TASK DIRECTIONS ▸
Transcription, pictures excluded: write out the data below exactly.

**** DATA PROVIDED ****

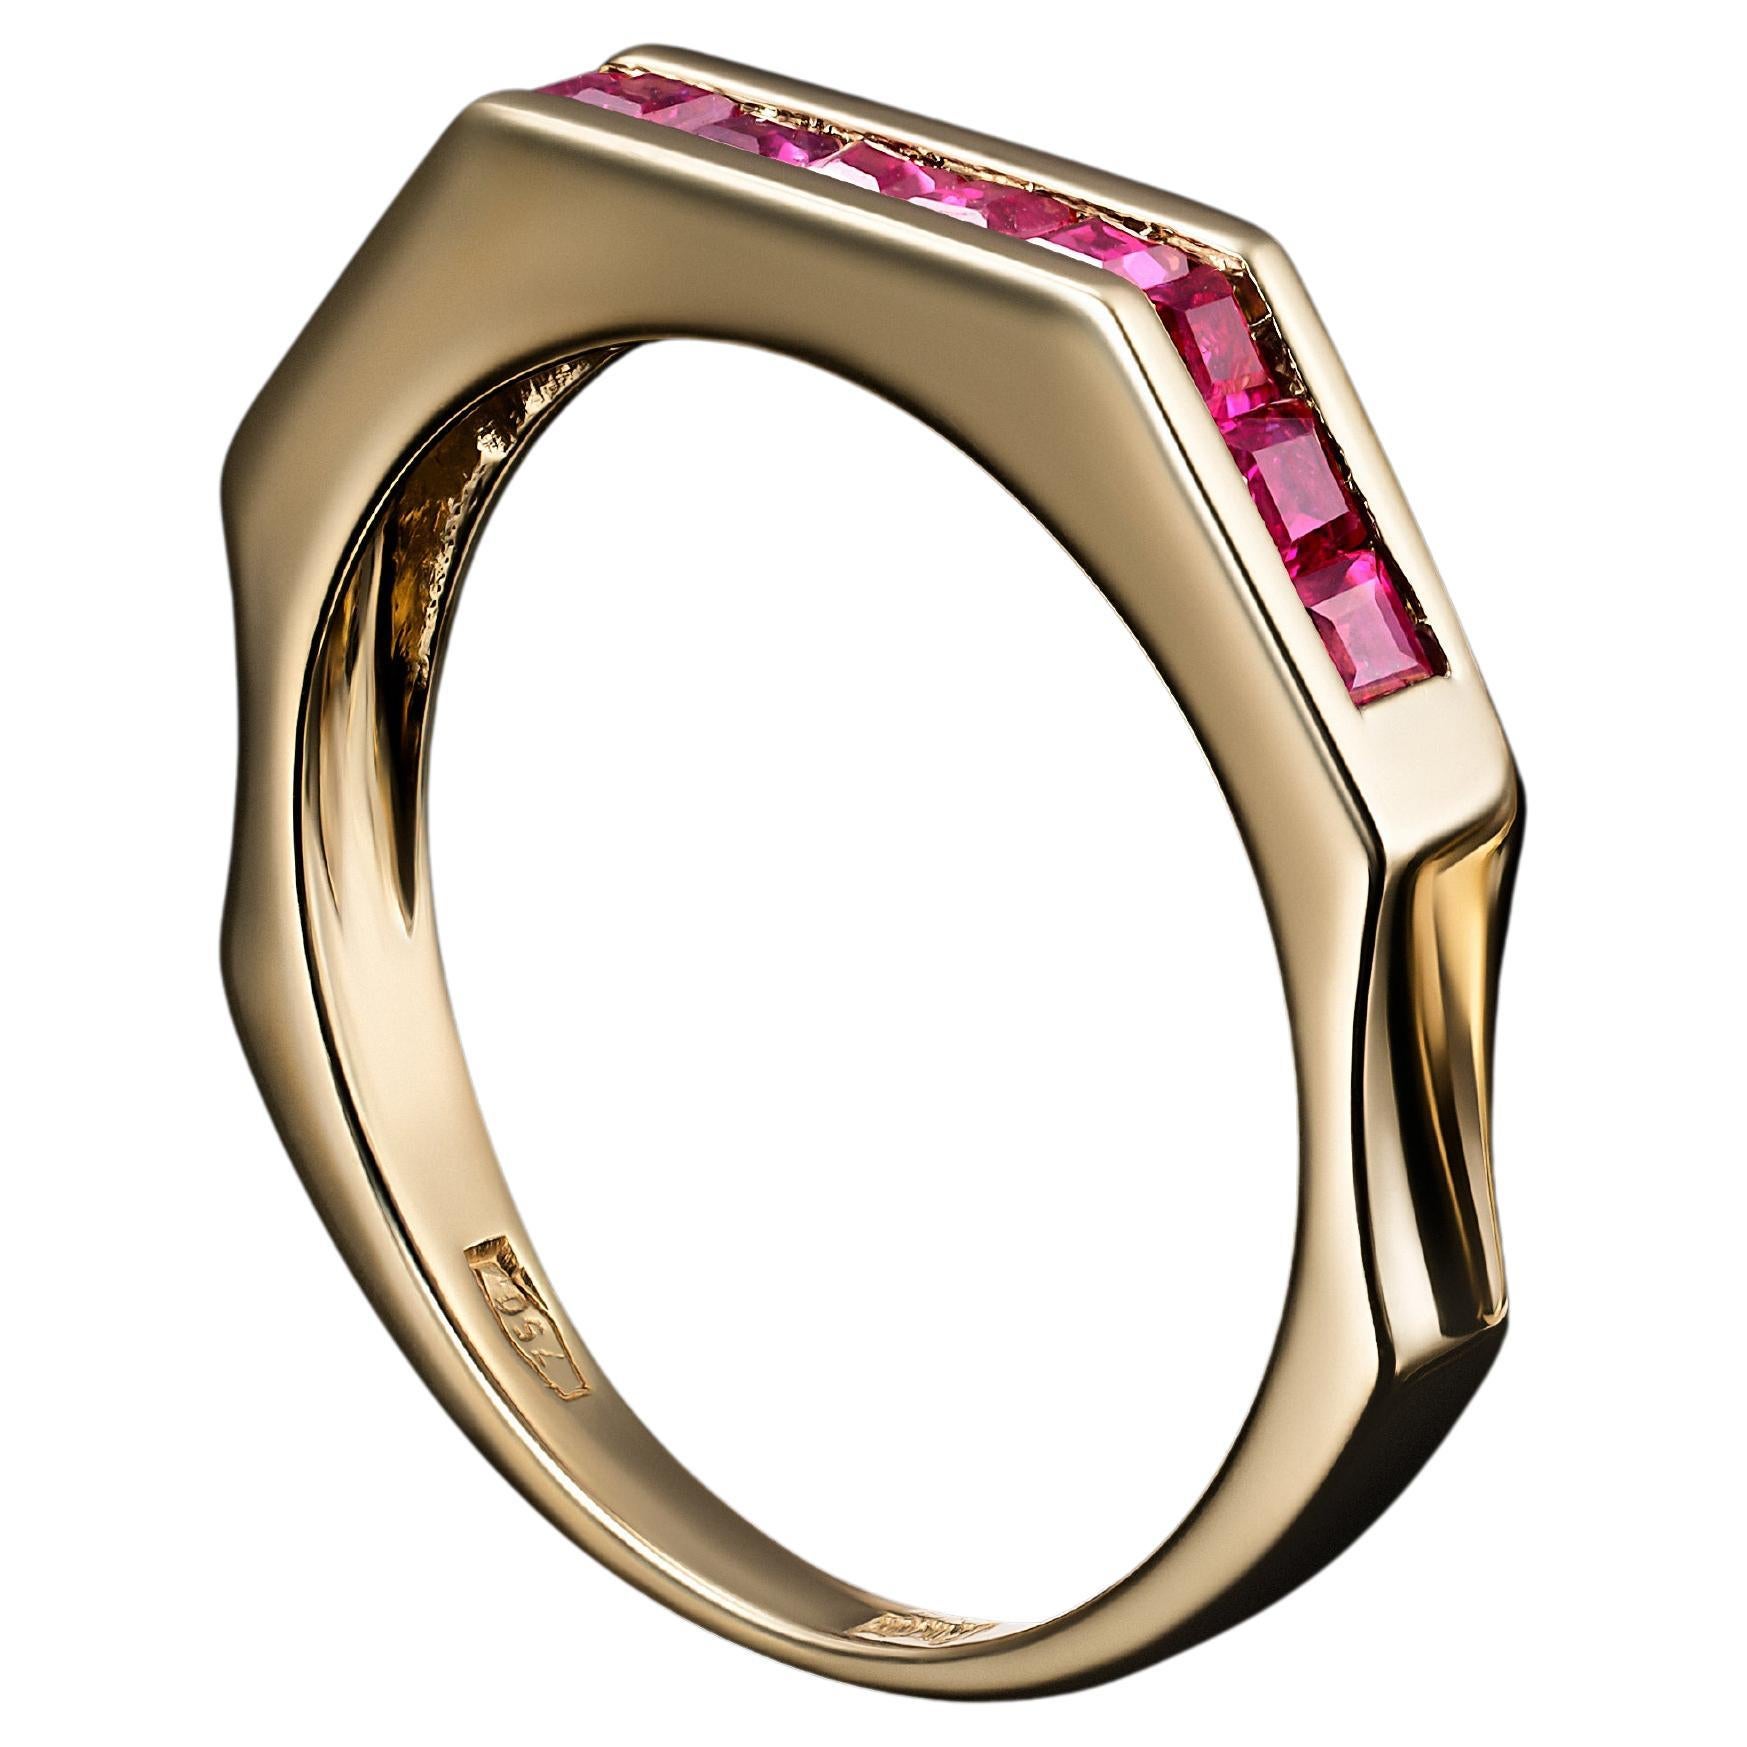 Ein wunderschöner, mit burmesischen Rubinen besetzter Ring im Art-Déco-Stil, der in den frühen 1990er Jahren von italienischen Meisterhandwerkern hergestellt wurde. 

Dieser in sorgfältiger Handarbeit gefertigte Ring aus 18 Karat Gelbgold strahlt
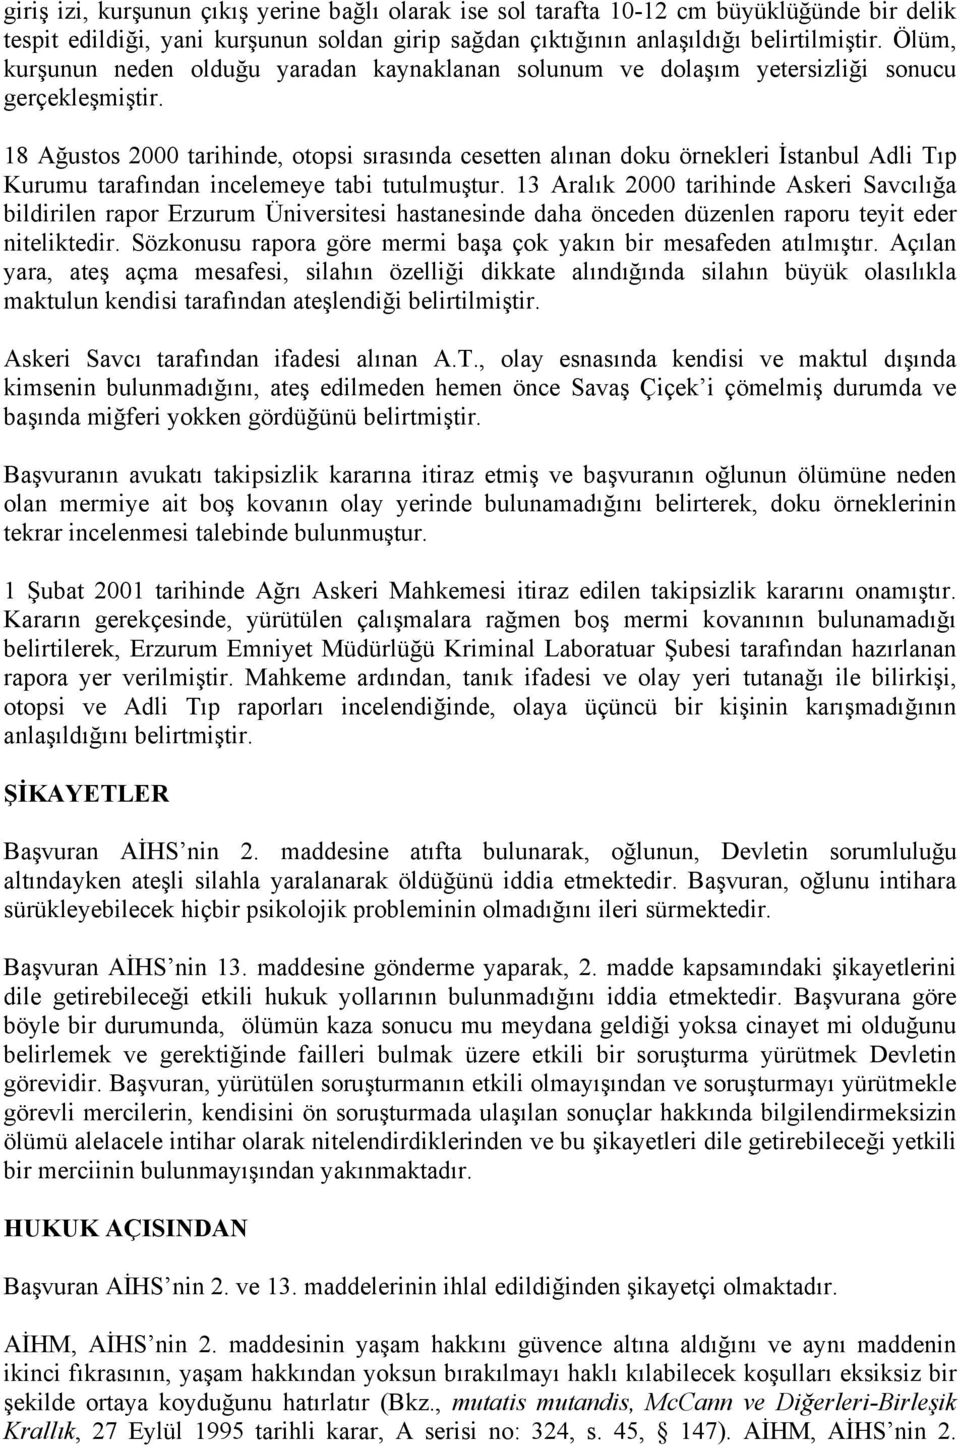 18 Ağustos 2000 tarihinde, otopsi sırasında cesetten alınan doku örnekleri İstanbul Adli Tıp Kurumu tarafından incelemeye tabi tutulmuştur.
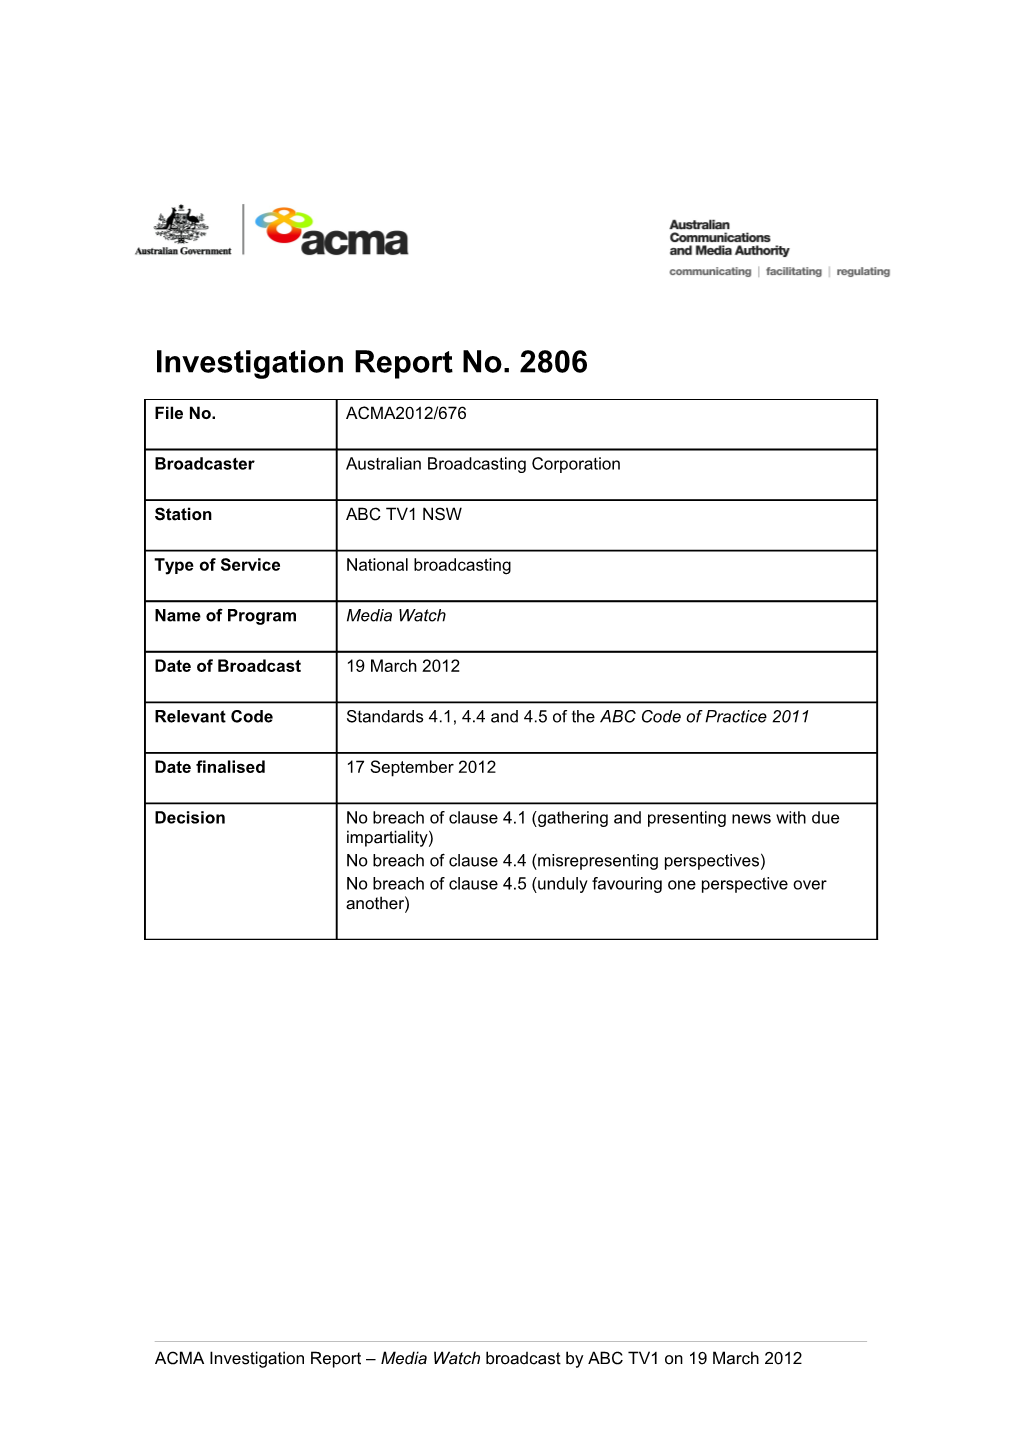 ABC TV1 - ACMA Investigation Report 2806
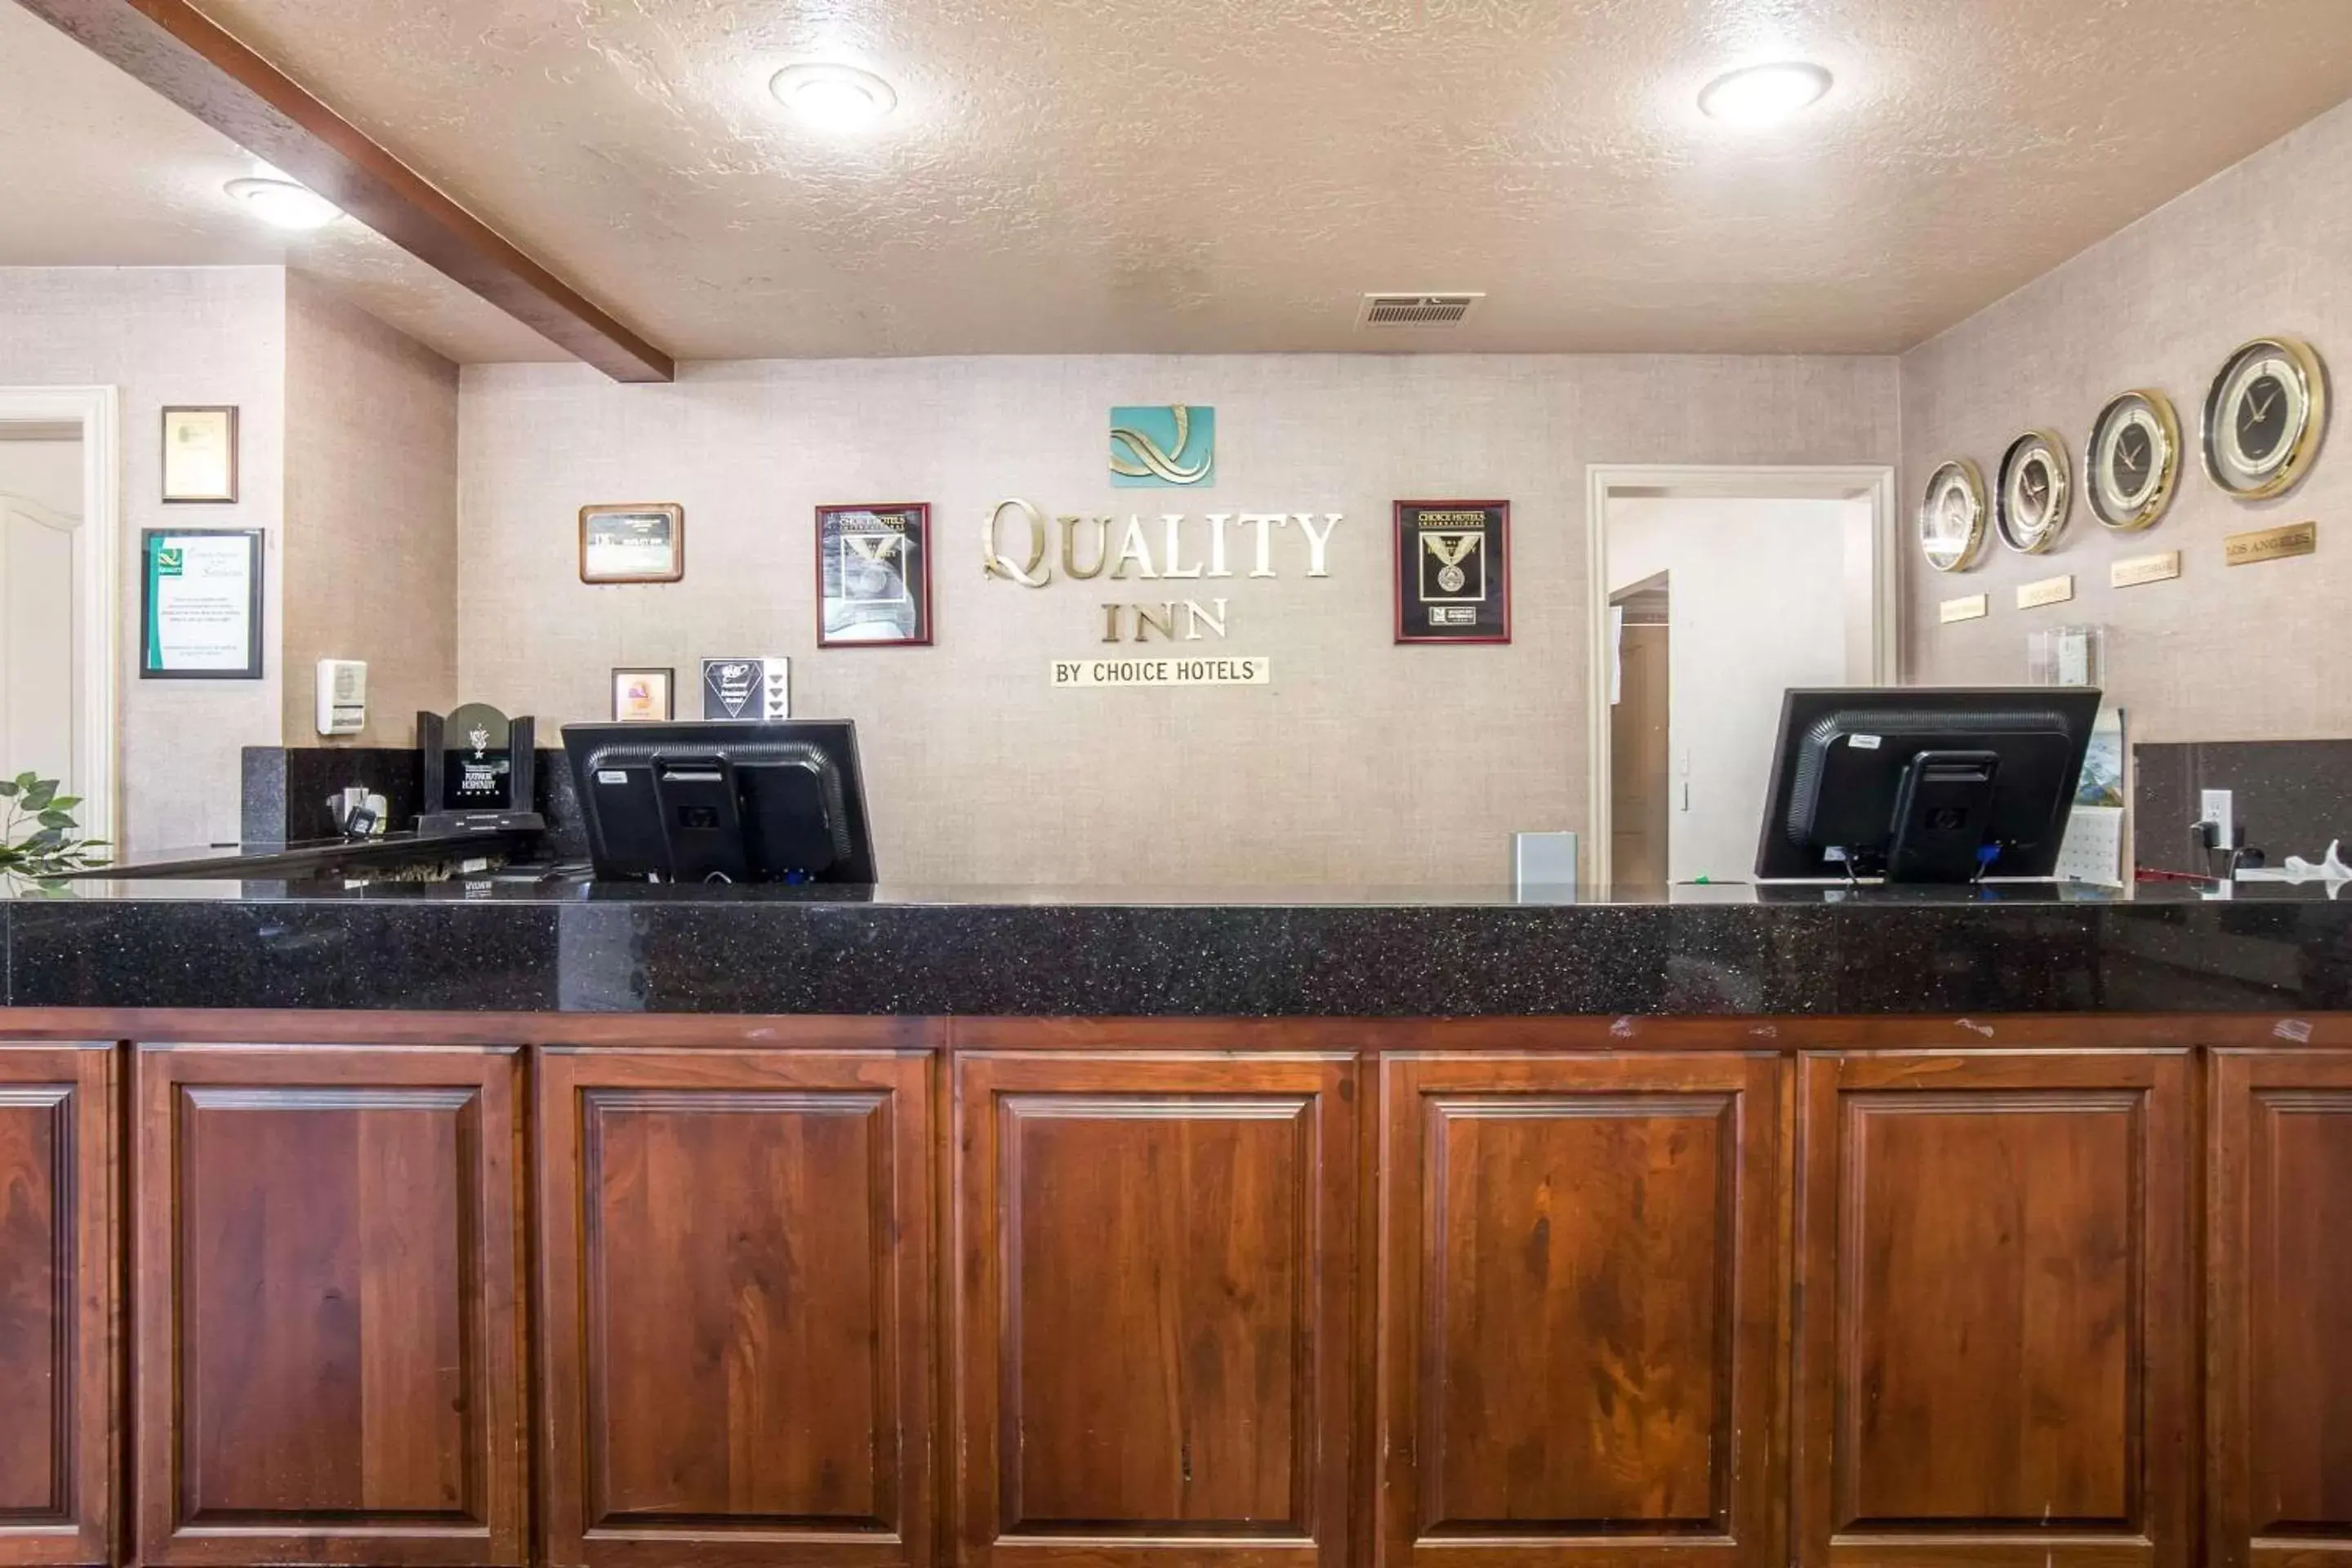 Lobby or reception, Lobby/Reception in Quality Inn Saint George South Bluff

****

RESULT OF THE TASK ▸
 Ein wunderschöner, mit burmesischen Rubinen besetzter Ring im Art-Déco-Stil, der in den frühen 1990er Jahren von italienischen Meisterhandwerkern hergestellt wurde. 

Dieser in sorgfältiger Handarbeit gefertigte Ring aus 18 Karat Gelbgold strahlt
 18 Ağustos 2000 tarihinde, otopsi sırasında cesetten alınan doku örnekleri İstanbul Adli Tıp Kurumu tarafından incelemeye tabi tutulmuştur.
 ABC TV1 - ACMA Investigation Report 2806
 Lobby or reception, Lobby/Reception in Quality Inn Saint George South Bluff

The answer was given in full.